One of my biggest pet peeves are bad tattoos. And the WORST tattoos are the ones that people think look cool, but they have no idea of the significance behind them. For example, all of the old sailor tattoos that are SO ridiculously popular: Nautical stars, anchors, swallows, etc. Do you think these 18 years olds with swallows tattooed on their chests have any idea of the importance of a swallow? The reason swallows were so important to sailors is because if you were lost at sea, spotting a swallow meant they were near land. Sailors also got a swallow tattoed on their chest after sailing a certain amount of nautical miles (5000 miles per swallow, I believe).
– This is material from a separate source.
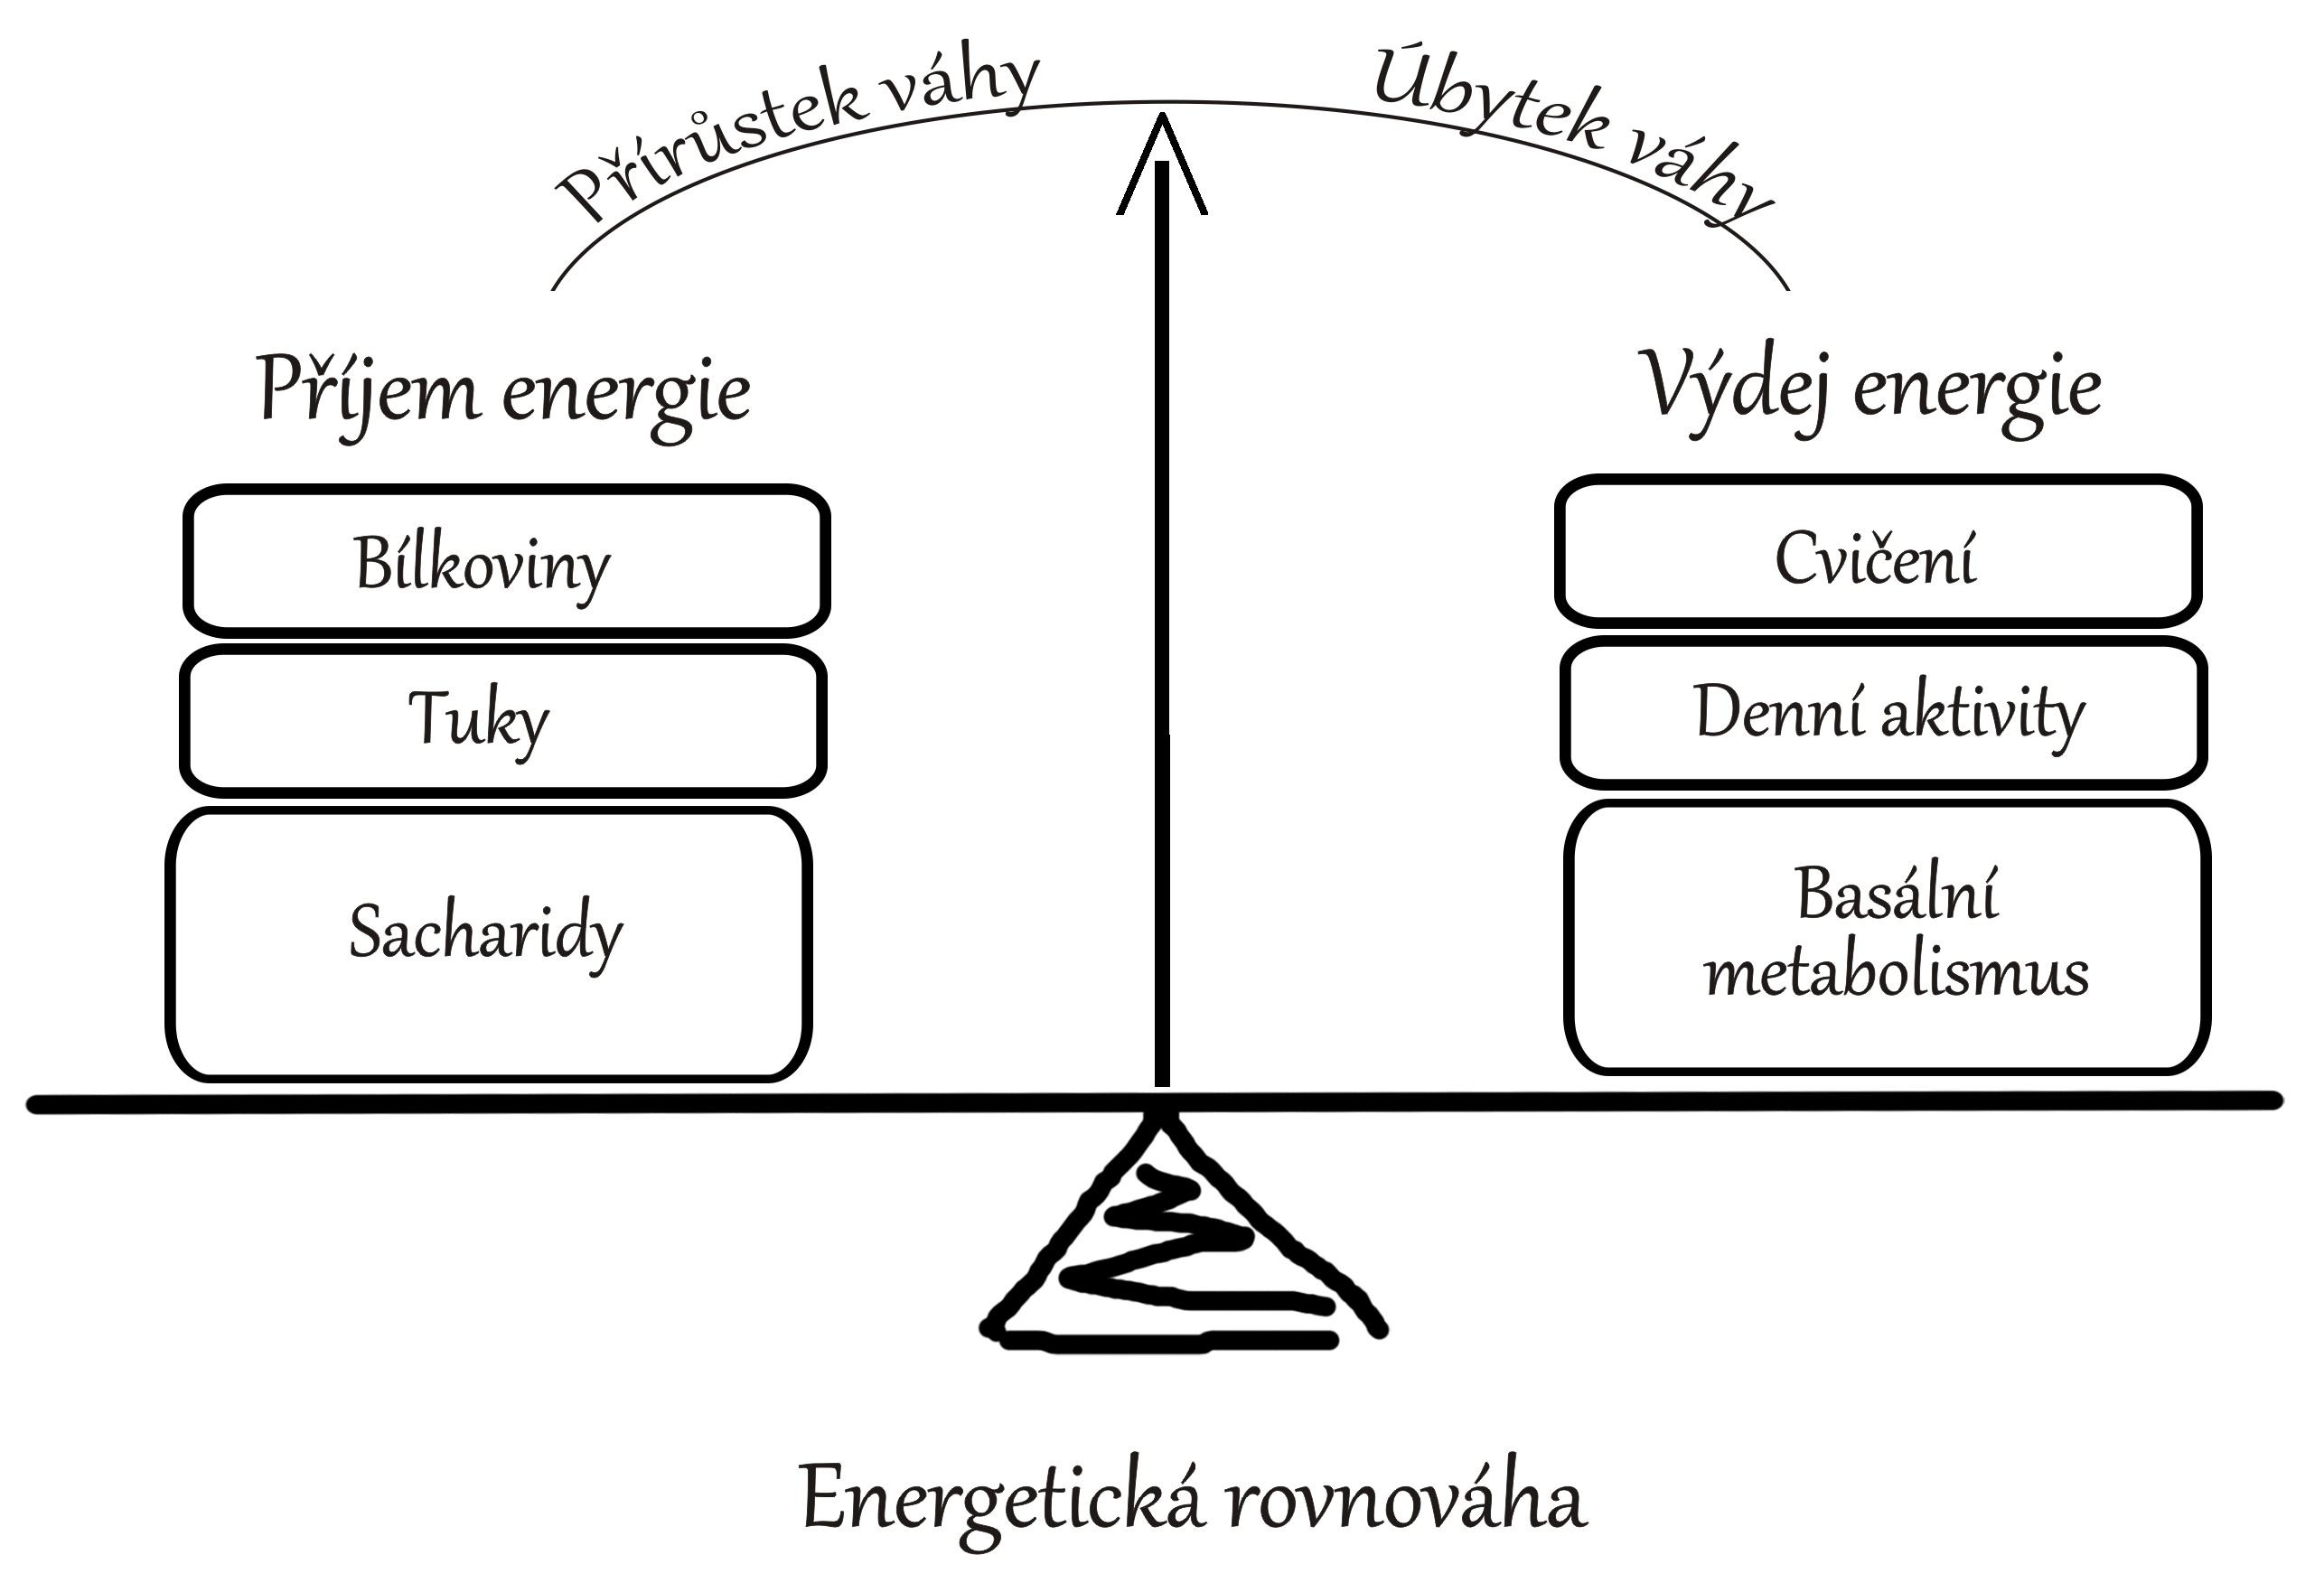 Energetická rovnováha

So everytime I see people with tattoos that they obviously have no idea behind the meaning, I want to bitch slap them. Remember when it was the coolest thing ever to get a chinese character tattooed on your body? Even though you are whiter then white, have never been out of the USA and have zero interest in Asian culture? Well, I think this story is pretty funny...
"Pitt junior Brandon Smith wanted a tattoo that proclaimed his manliness, so he decided to get the Chinese characters for 'strength' and 'honor' on his chest. After 20 minutes under the needle of local tattoo artist Andy Sakai, he emerged with the symbol for 'small penis' embedded in his flesh.
"I had it for months before I knew what it really meant," Smith said.
"Then I went jogging through the Carnegie Mellon campus and a group of Asian kids started laughing and calling me 'Shorty'. That’s when I knew something was up."
Sakai, an award-winning tattoo artist, was tired of seeing sacred Japanese words, symbols of his heritage, inked on random white people. So he used their blissful ignorance to make an everlasting statement. Any time a customer came to Sakai's home studio wanting Japanese tattooed on them, he modified it into a profane word or phrase.
"All these preppy sorority girls and suburban rich boys think they're so cool because they have a tattoo with Japanese characters. But it doesn’t mean shit to them!" Sakai said. "The dumbasses don't even realize that I've written 'slut' or 'pervert' on their skin!"
In the last month, seven people unknowingly received explicit tattoos from the disgruntled artist. Kerri Baker, a Carlow College freshman, paid $50 to have the symbols for 'beautiful goddess' etched above her belly button, but when she went into Szechuan Express Asian Noodle Shop sporting a bare midriff, the giggling employees explained to her that the tattoo really said, 'Insert General Tso’s Chicken Here!'
"I don't even like General Tso's!" Baker sobbed. "I'm a vegetarian!"
Sakai doesn't feel guilty about using hapless college students as canvases for his graffiti.
"I think I'm helping my fellow man by labeling all the stupid people in the world," he explained. "It's not a crime, it's a public service."